3.3. Relationship between Vegetation Indices and Response Variables

The relationship between the measured vegetation indices (GNDVI, NDVI) and response variables (stomatal conductance and fruit yield) was evaluated in this study. With respect to the NDVI at 80 DBH, a non-significant correlation (p < 0.1) was found between NDVI and yield data (correlation coefficient, r = 0.22). When NDVI was compared to the yield at 44 DBH, a significant correlation was found (p < 0.01) with r = 0.68. (Figure 8a).

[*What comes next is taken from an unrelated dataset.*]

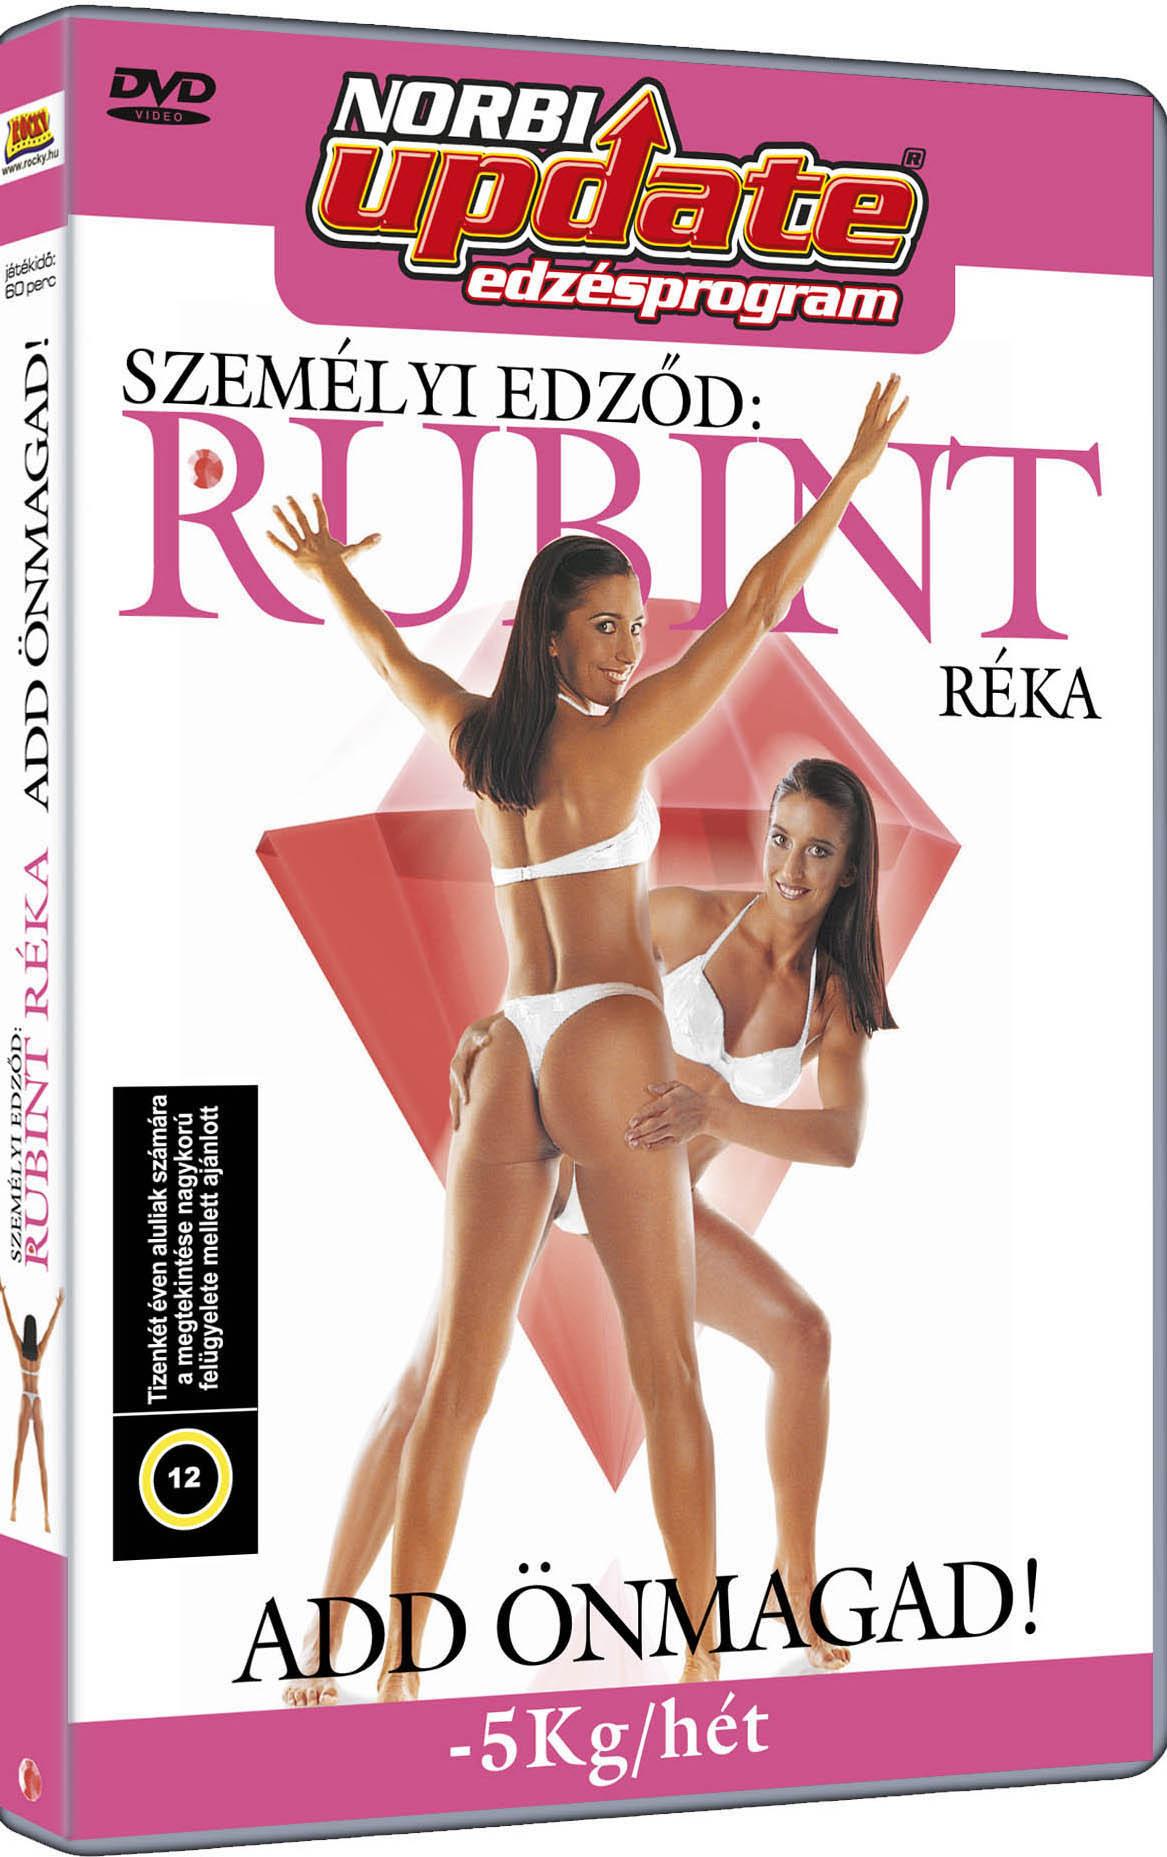 14aaf8fa89 dvdabc.hu - DVD WEBSHOP, BLU-RAY WEBSHOP - DVD : RUBINT RÉKA: ADD ÖNMAGAD 1.
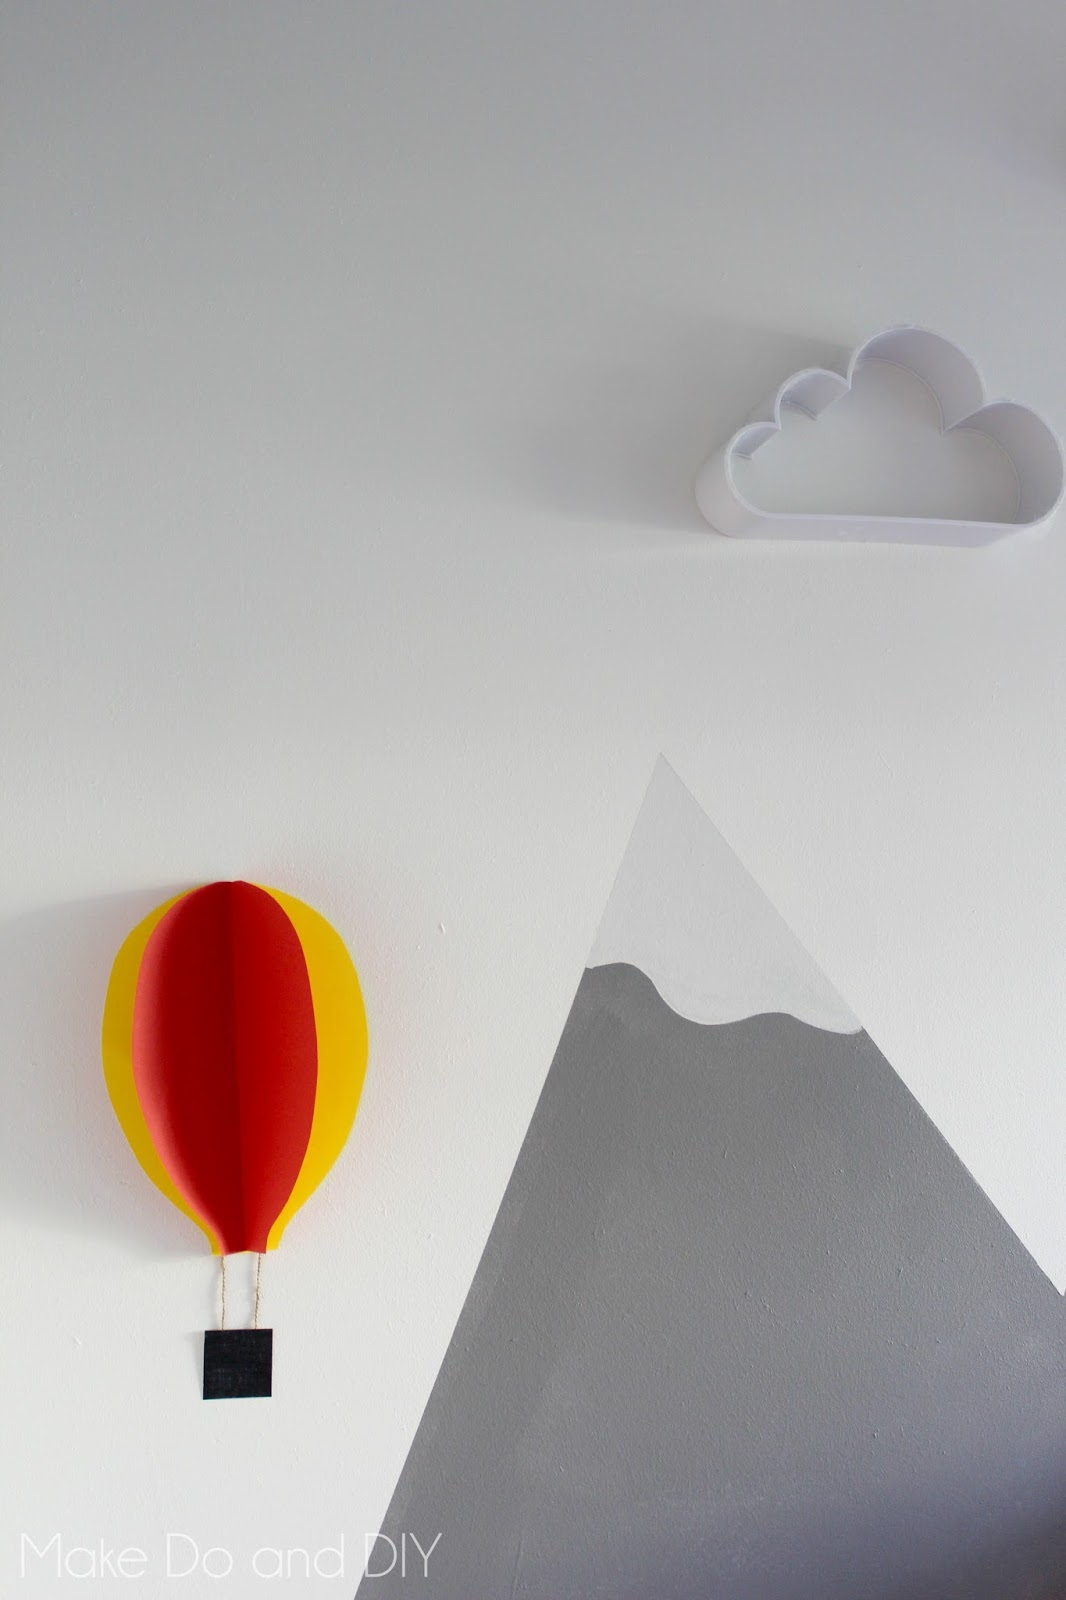 craft tutorial - 3D balloons ~ Make Do and DIY

However, GNDVI was significantly correlated with yield data at 80 DBH (r = 0.39, p < 0.05). At 44 DBH, GNDVI showed a significantly high correlation with the yield (r = 0.73, p < 0.01, Figure 8b). Prolonged water stress may possibly have affected the pigment development in the leaves, which could be observed from GNDVI data. Several authors have found a relationship between vegetation indices and yield. Texeira and Ustin [28] working in cotton measured NDVI from aerial images, and found a reduction in NDVI with a decreased cotton yield. Similarly, GNDVI measurements have been suggested as a parameter to estimate yield in corn [29]. However, the relationship between vegetation indices and yield is not well documented in grapevines. Serrano et al. [17] measured several vegetation indices using a spectroradiometer, and reported a positive and significant correlation (R² = 0.32, p < 0.05) between NDVI and yield in grapevine. In our study, a significant correlation between yield and NDVI was found. The major benefit of remote sensing data is the canopy level measurements in comparison to leaf-level proximal data. Spatial variability can also be better captured with the remote sensing data. It is important to note that the correlation between NDVI, as well as GNDVI, to yield increased with time. These indices are considered to show the long-term effect in plants [4]. Baluja et al. [4] in a rainfed grapevine experiment found a significant correlation between GNDVI and NDVI images acquired from a UAV with that of stomatal conductance (r = 0.83 and 0.86 respectively). Therefore, a cumulative effect of water stress in the plants may have been observed.

At 80 DBH, stomatal conductance was not correlated with vegetation indices. At 44 DBH, there was a significant correlation between NDVI and stomatal conductance (p < 0.01), with a correlation coefficient of 0.56 (Figure 9a). Correlations between GNDVI and stomatal conductance were significant (p < 0.01) and higher than NDVI at 44 DBH (r = 0.65, Figure 9b).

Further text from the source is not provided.